GE Aerospace Investors Don’t Realize They Have a Cash Machine

GE Aerospace just hit it out of the park on earnings. Investors should get used to this because the company is set up for knocking home runs — like having an eternally youthful Aaron Judge in the batter’s box — for years and perhaps decades to come.

The numbers are eye-popping. Second-quarter revenue jumped 21% to $11 billion, and profit margins jumped almost 6 percentage points to 21.7%, driven by commercial engine maintenance and repair, the company reported on Thursday. GE raised its guidance for this year and now expects to earn $11.5 billion of operating profit in 2028, up from a forecast of $10 billion it gave last year. That increase was driven by expected revenue growth of more than 10% for the next several years, up from a forecast last year of high-single-digit sales growth.

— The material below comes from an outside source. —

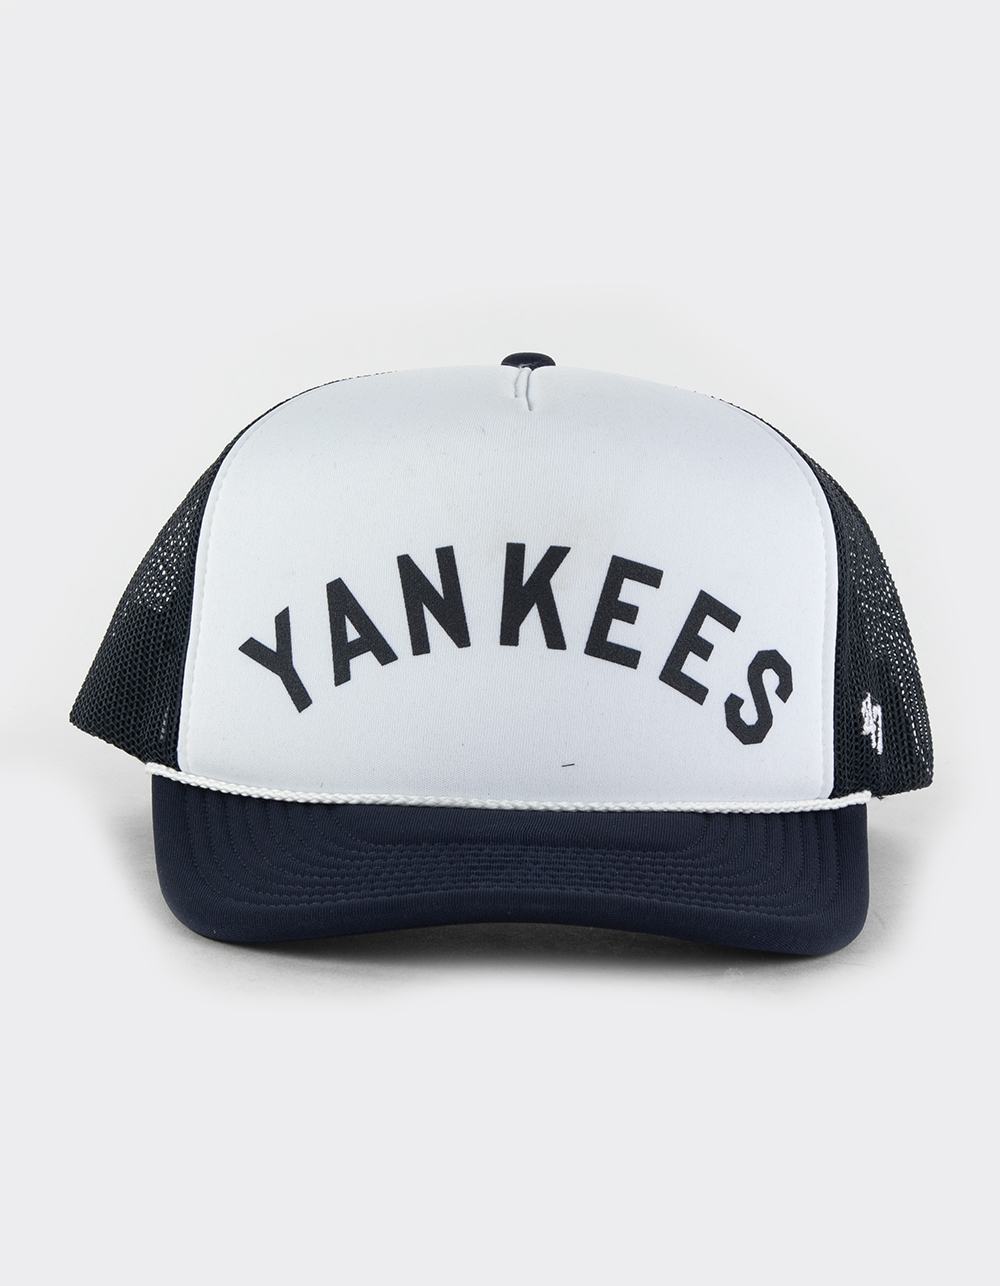 47 Brand New York Yankees Cooperstown Rewind Script '47 Trucker Hat - Navy/White - One Size

So what gives with investors, who drove shares down 3% at one point? For one, analysts had been expecting an even larger guidance increase. For another, the stock is expensive after GE shares gained 60% this year before trading on Thursday, which has boosted the price-to-earnings ratio to more than 46 times, compared with the S&P 500 Index’s P/E of 25 times.

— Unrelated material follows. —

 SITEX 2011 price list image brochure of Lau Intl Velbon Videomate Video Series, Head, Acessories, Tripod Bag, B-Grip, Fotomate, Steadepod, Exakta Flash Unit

Still, it shouldn’t be hard for shareholders to look past these quibbles because GE Aerospace will be a cash-spewing machine for years to come, and Chief Executive Officer Larry Culp has a history of eagerly returning proceeds through buybacks and dividends.

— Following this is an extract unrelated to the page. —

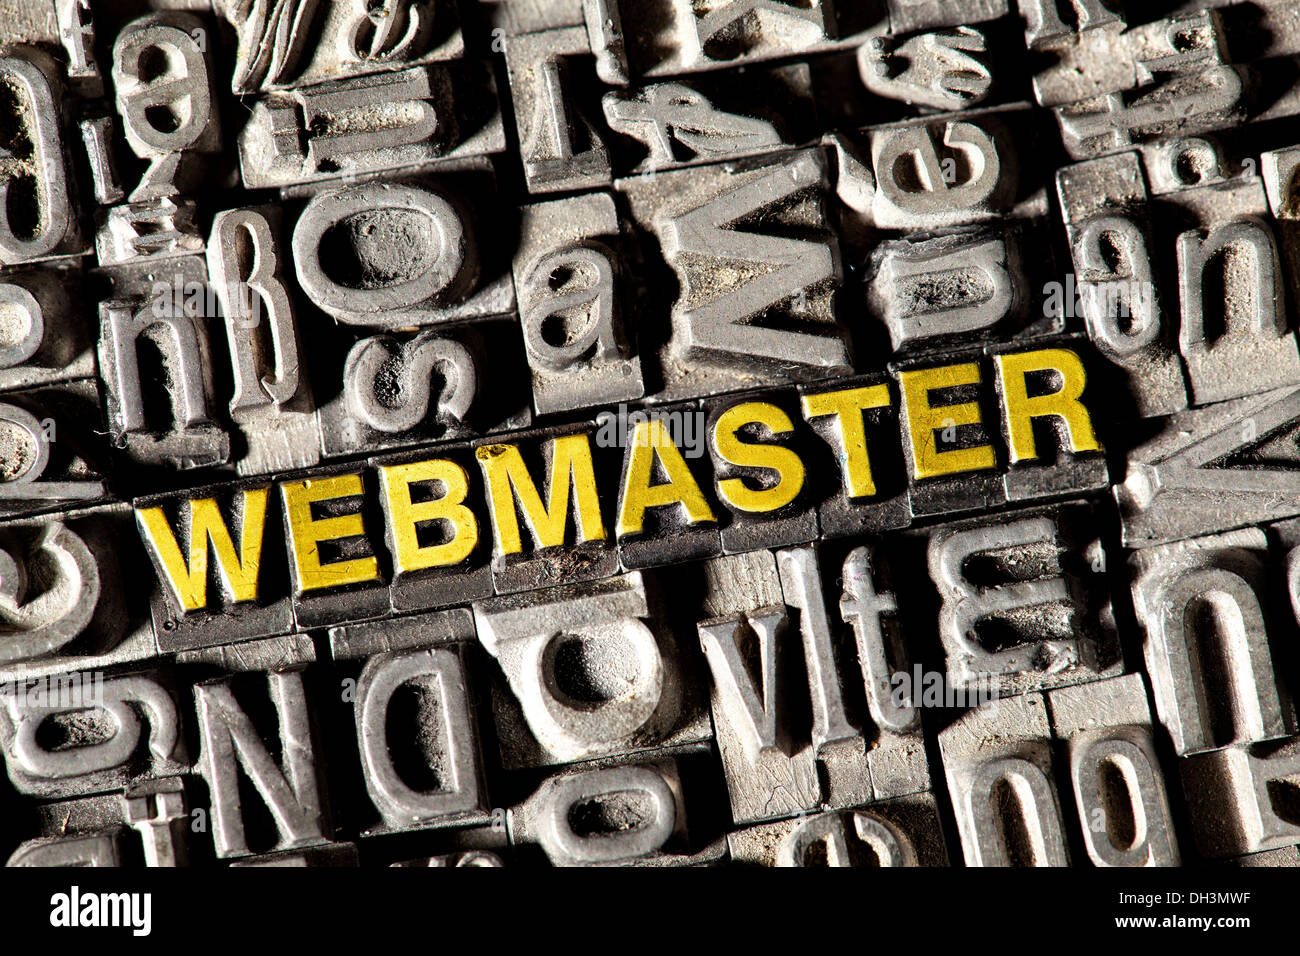 Vecchio portano lettere che compongono la parola "Webmaster" Foto Stock

There are no weaknesses in the fundamentals powering profits. Growth in commercial flights is expected to outpace that of the global economy, and defense spending is poised to increase over the next several years because of myriad global threats.

GE has become the supplier of choice for aircraft engines. Three-fourths of commercial flights are now powered by GE engines, with 49,000 in service, and that number is growing. This is important because GE earns much more money from servicing engines than it does from selling them. New engines, such as the LEAP power plant, actually lose money on each delivery during the early stages of their life cycles.

The company has caught a tailwind from airlines that are flying their jets longer because Boeing Co. and Airbus SE haven’t kept up with demand for new aircraft deliveries. These older engines, principally the CFM-56 that powers earlier versions of the Boeing 737, require more service. GE is expanding its maintenance and repair operations both with its own shops and third-party partners and is investing in equipment to make shop work more efficient. This lucrative business only grows as airlines choose GE engines for their new aircraft.